Humans can isolate a single voice in a crowd and is usually good at doing so, but how about computers? Well... Not so much. Just ask anyone trying to talk to a smart speaker at a house party. Google may have a surprisingly straightforward solution. The researchers have developed a deep learning system that can pick out a specific voice by looking at people's faces when they are speaking. The team trained its neural network model to recognise individual people speaking by themselves and then created virtual "parties" to teach the AI how to isolate multiple voices into distinct audio tracks.
The results, which can be seen in the video below, are uncanny. Even when people are clearly trying to compete with each other (such as comedians) the AI can generate a clean audio track for one person just by focusing on their face. That's true even if the person partially obscures their face with hand gestures or a microphone.

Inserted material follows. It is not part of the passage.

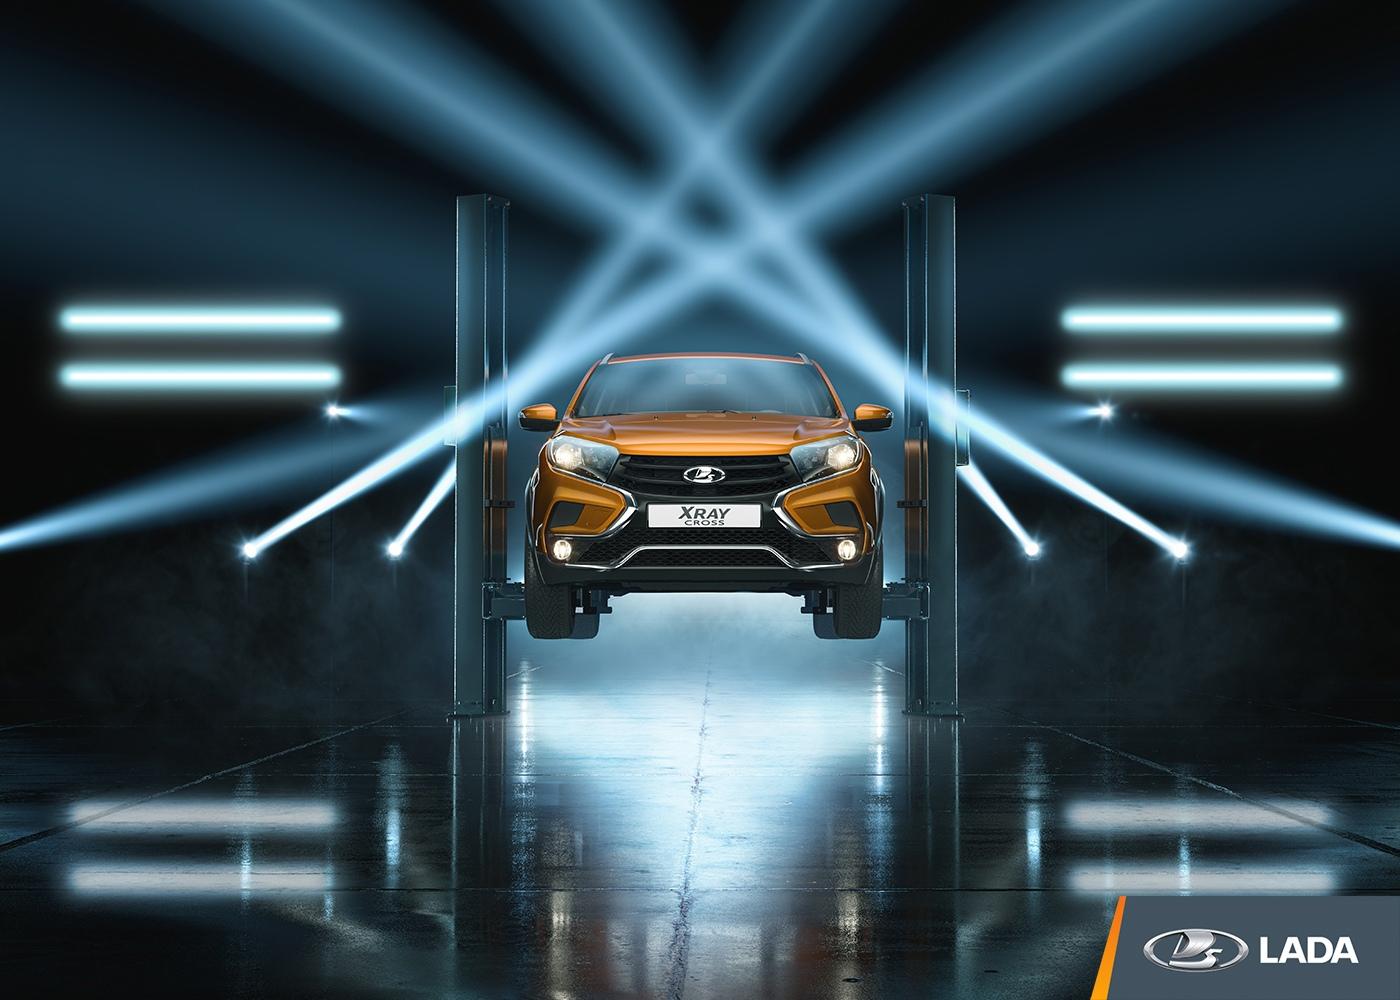 Взгляните на сезон по-новому со специальными предложениями для вашего автомобиля LADA.

Google is exploring opportunities to use this feature in its products, but there are more than a few prime candidates. It is potentially ideal for video chat services, where it could help users understand someone talking in a crowded room. It could also be helpful for speech enhancement in video recordings. There are big implications for accessibility: it could lead to camera-linked hearing aids that boost the sound of whoever's in front of you, and more effective closed captioning. However, there are potential privacy issues (it could be used for public eavesdropping) but it would be too difficult to limit the voice separation to people who've clearly given their consent.